++++ Data provided

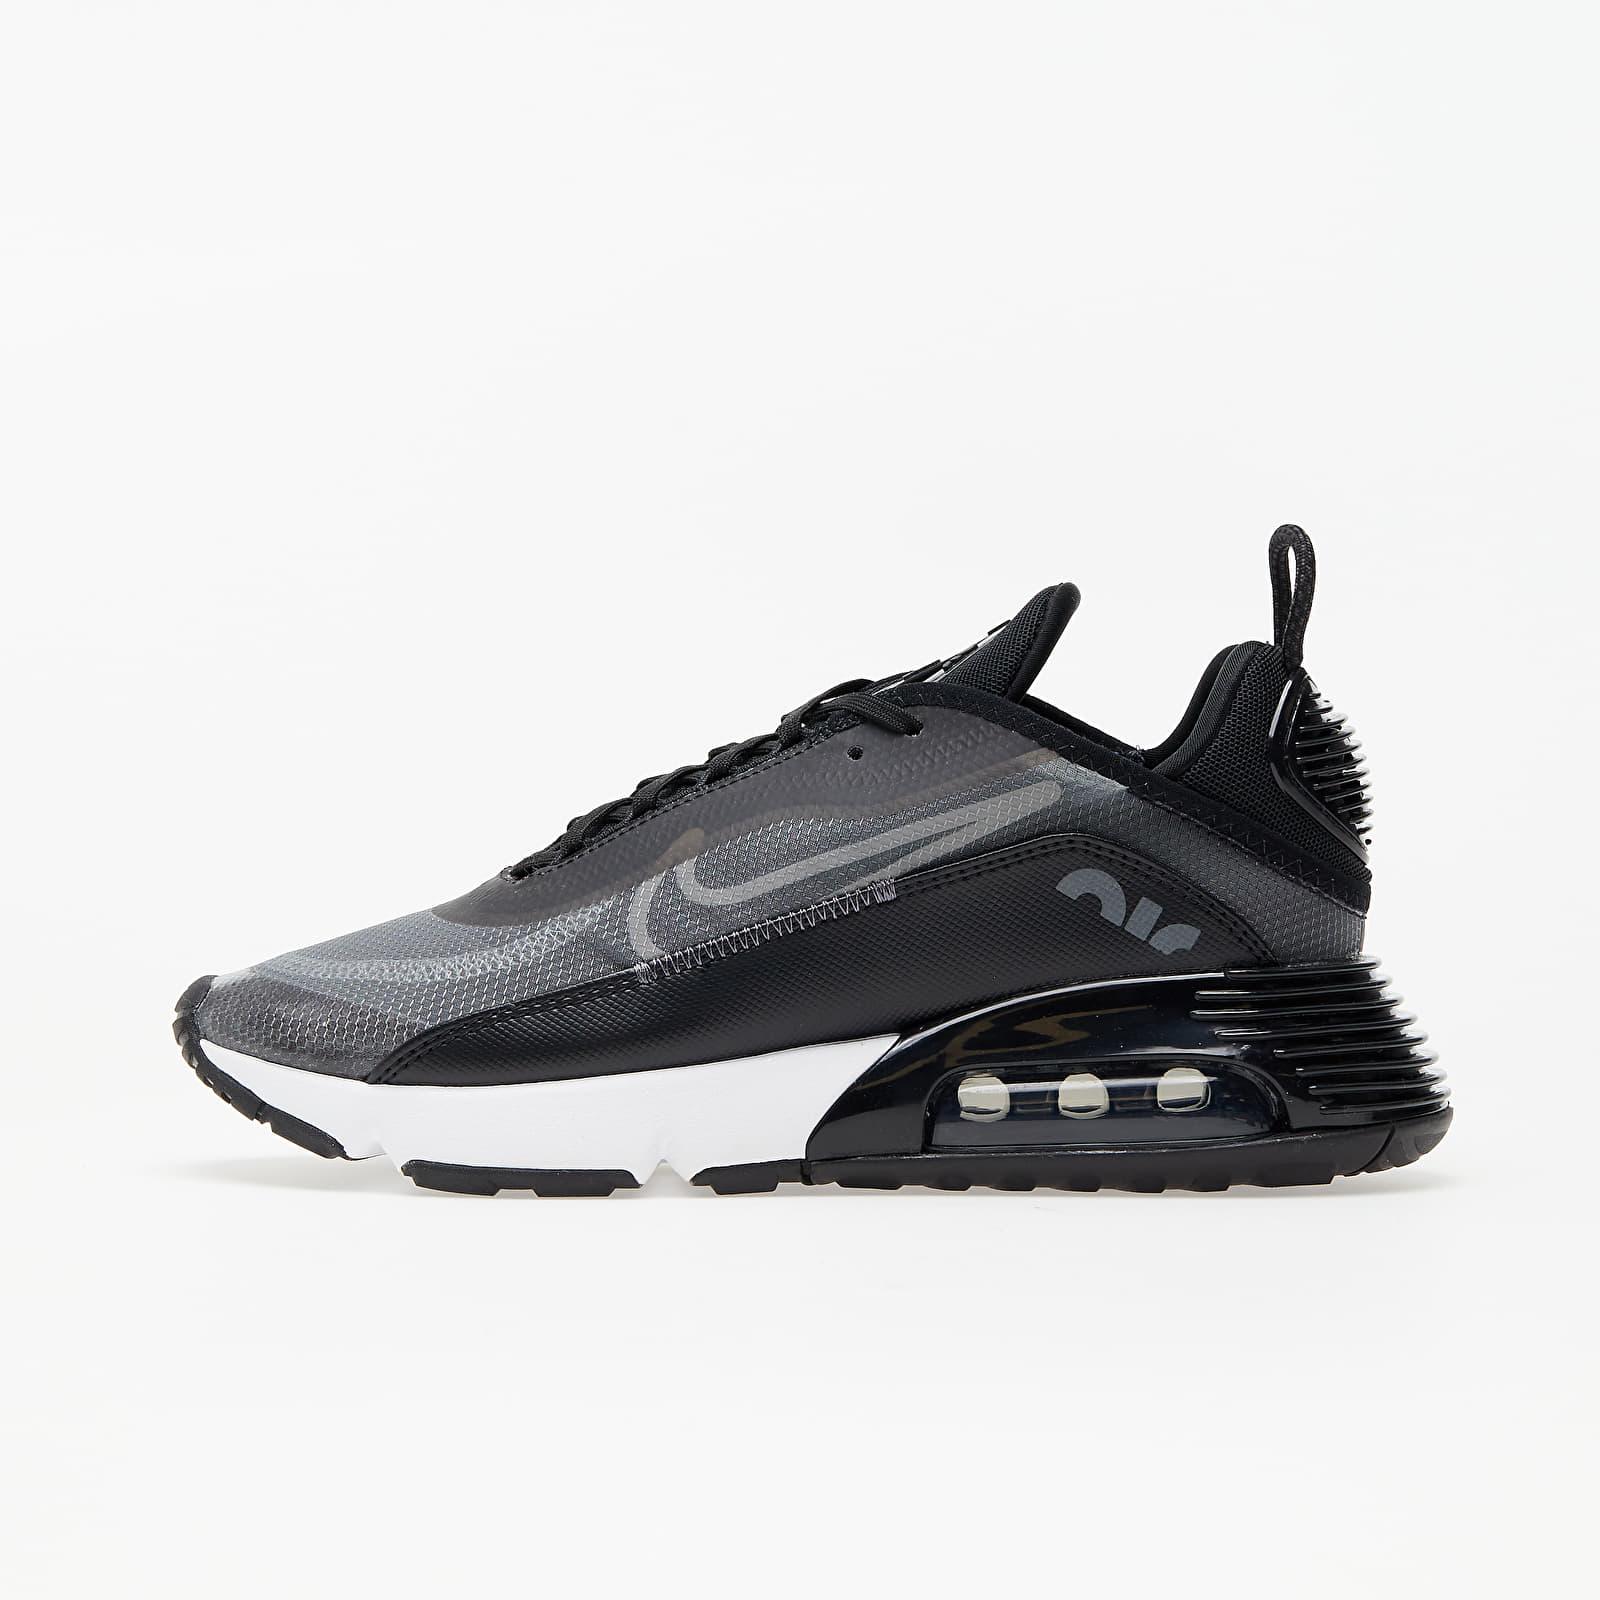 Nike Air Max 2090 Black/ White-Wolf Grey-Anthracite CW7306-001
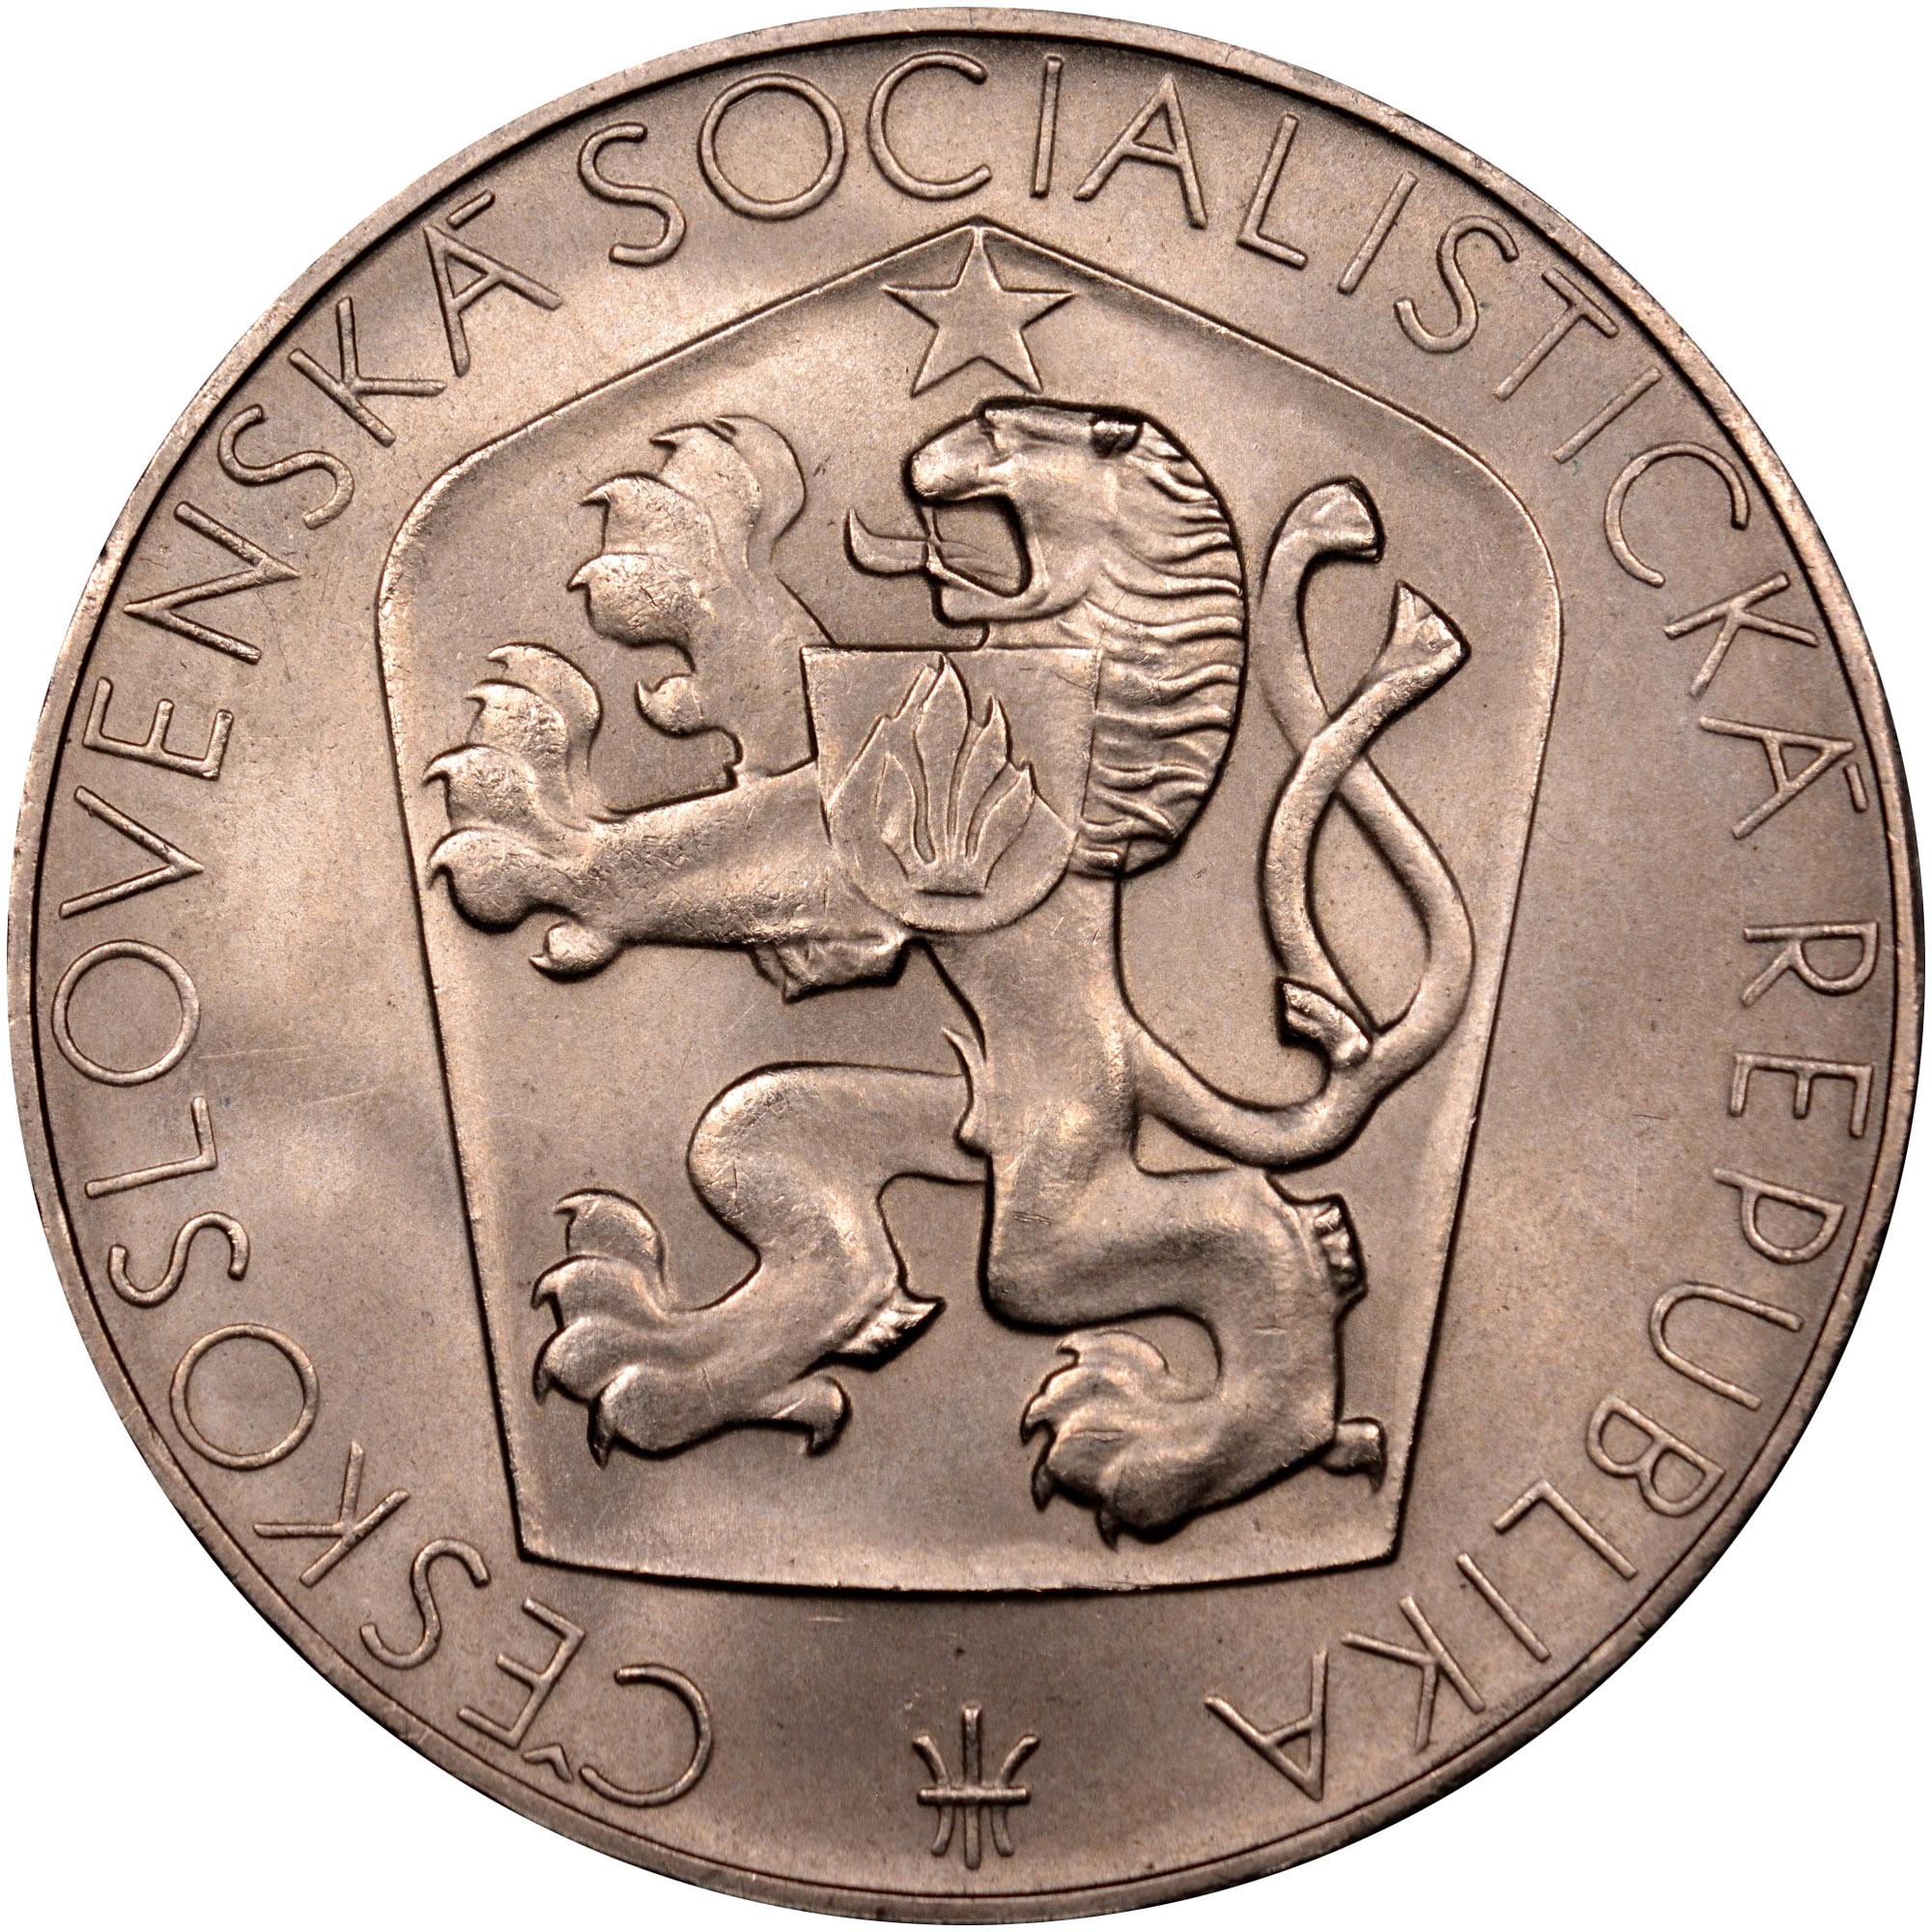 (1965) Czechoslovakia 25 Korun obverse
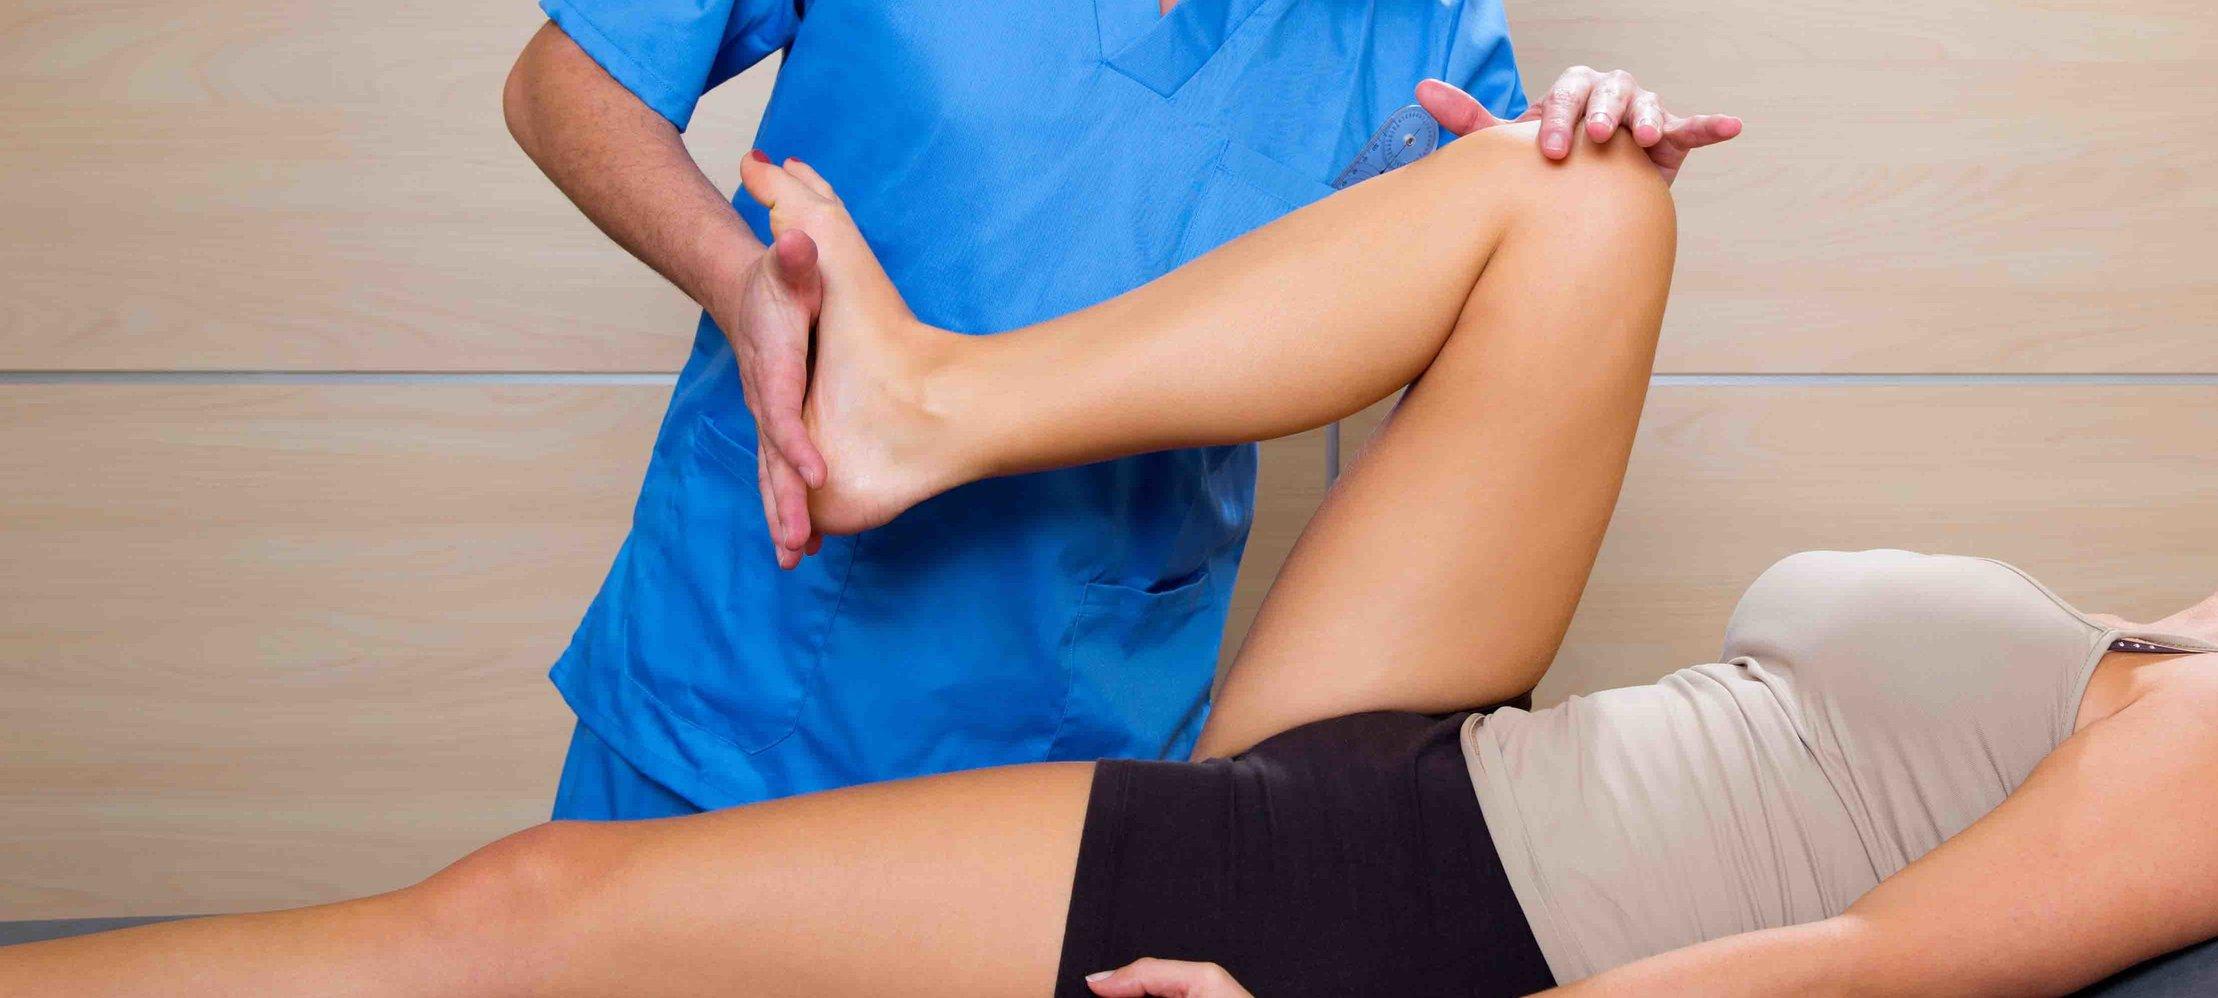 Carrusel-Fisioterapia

++++++++

Activity:
Please give the data again unaltered, leaving out any images.

Exercise result:
 Nike Air Max 2090 Black/ White-Wolf Grey-Anthracite CW7306-001
 (1965) Czechoslovakia 25 Korun obverse
 Carrusel-Fisioterapia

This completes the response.